ここで自治体が気を付けなければいけないことは、ただ「移住」促進をうたい、一般的な広報・PRをするだけでは、気づいてもらえない恐れがあるということです。このコラムでは、移住施策に携わるご担当者様に移住をめぐる有益情報と、移住・定住促進のために自治体が行うべき成功のカギ、“マーケティング”についてお伝えします!

地方への移住政策を成功させるために、自治体がまず知っておくべきこと
過去最少となった2024年の出生数約72万人から、死亡数を引いた自然増減数はおよそ▲89万人と過去最大の減少。そんな中でも、東京都の社会増加数は約14万人に上り、前年比2万人以上拡大と、東京への人口一極集中は一層進んでいます。
そのため地方へ移住・定住を促進することは、地方の人口減少や人材不足を解決するために、非常に有効な手立てです。
だからこそ移住・定住を政策的に取り組んでいる地方自治体は非常に多く、もはや競合状態に。
そのため「移住しませんか?」「定住するのに良い町ですよ!」とただ広報・PRするだけでは、効果は期待できないのが現実です。
自治体は、見てもらいたい情報を市町村のホームページに掲載しますが、ホームページは、その地方に興味を持っている人が詳しい情報を探しに来る場所。地方や自治体名を知らなければ、どんなに魅力的な情報、移住に有益な情報をホームページに掲載しても、東京圏や大阪圏など大都市圏に居住しているターゲット層には知られないままになってしまうでしょう。
移住促進サイトの構築も全国で進んでいますが、何かをきっかけにサイトの存在を「知って」サイトを訪れたり、たまたま「目に留まったり」といったことがなければ、同じことになってしまう恐れがあります。
また、移住のための支援金を支給する施策をせっかく打ち出したとしても、「労働力不足を補うために、支援金を支給します」と書いてあったら…。知らない町の労働力不足を補うために、わざわざ移住したいとは思えないかもしれません。その町に「住みたい」と思えるような魅力があるから、移住するのではないでしょうか。
伝え方にも課題があるのが現状です。
若い世代の移住願望を、どうやってわが自治体に呼び込むのが効果的?
進学や就職を機に地方から東京へ出て行き、リタイアする年代になって地方に戻る、あるいは移住する人が多く、その人数も東京へ出て行った分に比べてぐっと少なくなるというのが現在の状況。

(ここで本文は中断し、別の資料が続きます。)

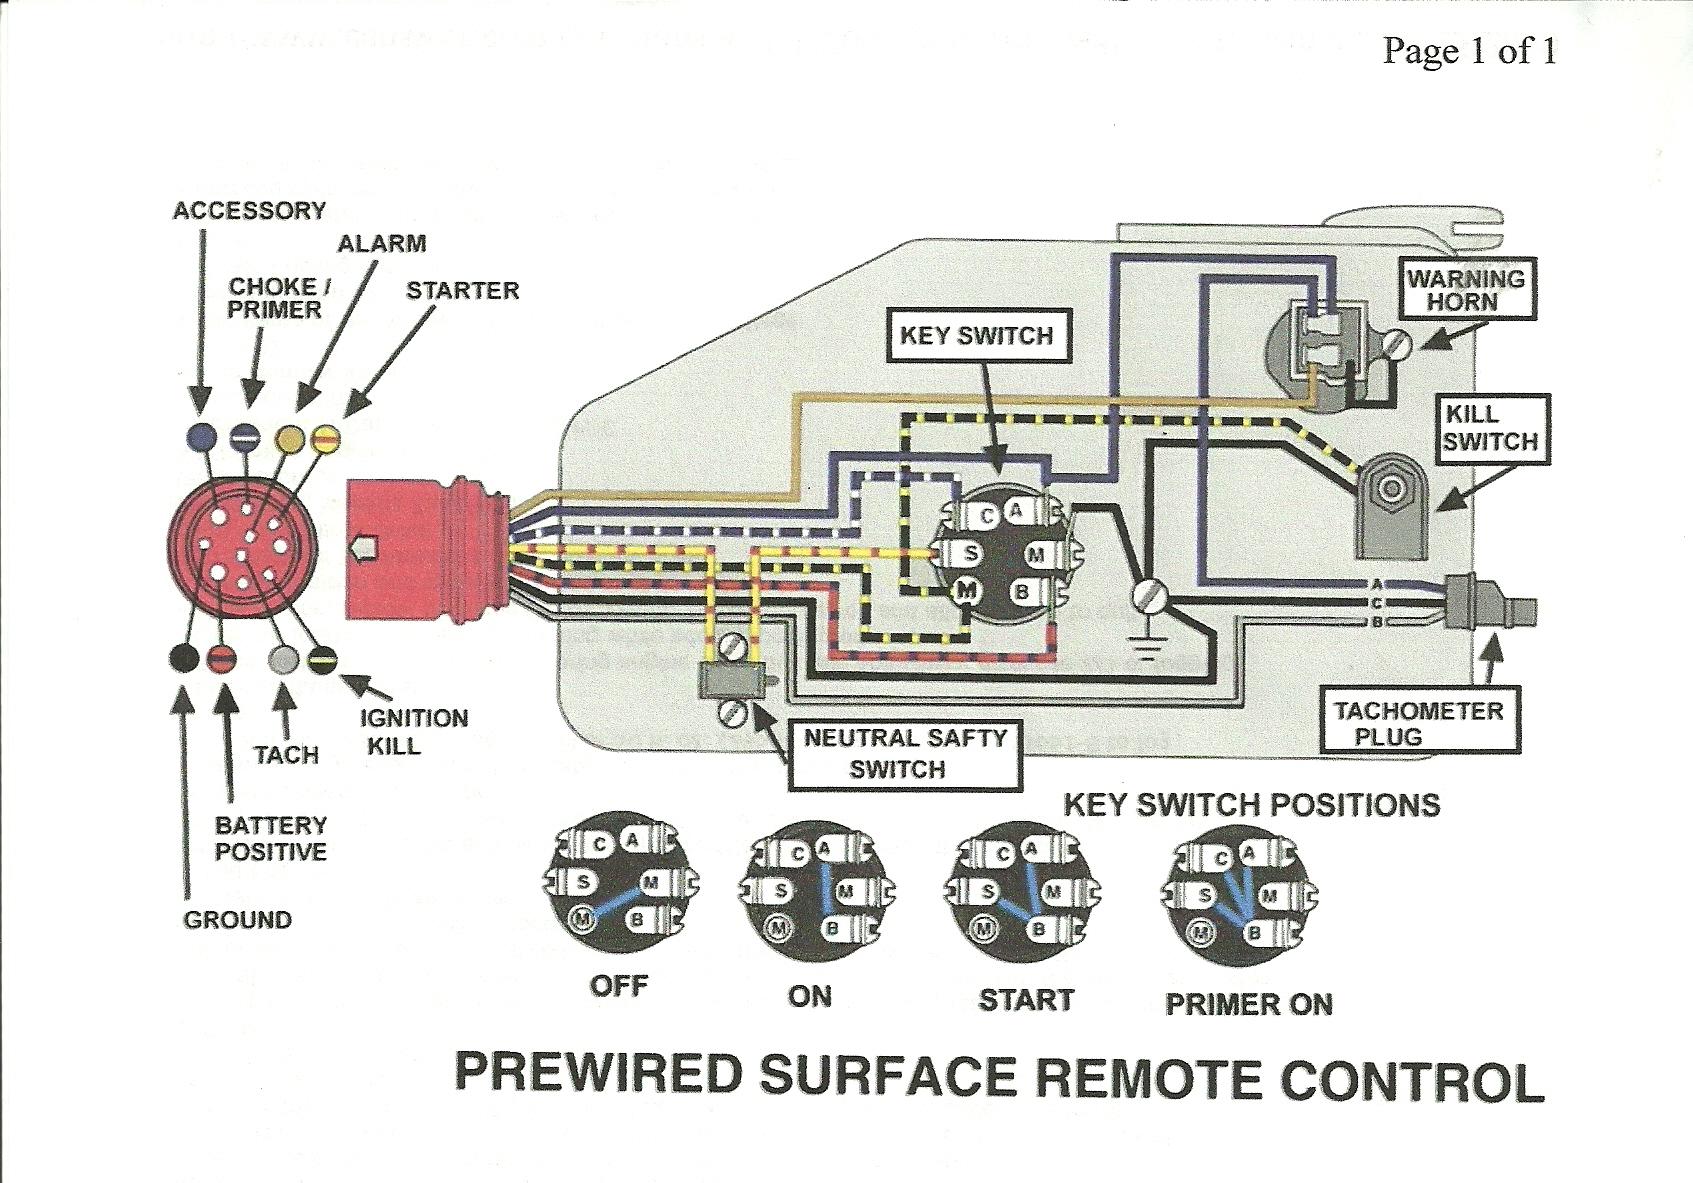 HK_9979] Evinrude 115 Hp Wiring Diagram Free Picture Wiring DiagramLeona Cran Xlexi Spoat Inoma Push Emba Mohammedshrine Librar Wiring 101

ですが、移住したいという希望者は、実は若い世代にも一定程度いるのです。
2023年に内閣府が実施した調査「第6回新型コロナウイルス感染症の影響下における生活意識・行動の変化に関する調査」によると、東京圏在住者のうち移住に関心を持つ人は増えており、全世代で増加していることが分かりました。中でも、特に20歳代でその傾向が強く表れています。
東京圏に住む20歳代の回答者のうち実に44.8%の人が、関心がある(「やや関心がある」を含む)と答えているのです。
■地方移住への関心(東京圏在住者)

リモートワークという働き方が一般的になったことも大きいと思われますが、都会の住環境を顧みて、より広い住宅でのびのびと子育てをしたいと思う人も増えたのではないでしょうか。
ではどうすれば、若い世代を東京から地方へ呼び込むことができるのでしょうか?
漠然と「もっと住みやすい地域」で暮らしたいという願望があっても、自分の理想の暮らしをできる地域が果たしてあるのか、それが一体どの地域なのか? と考えるとなかなか具体的な行動に移しづらいものです。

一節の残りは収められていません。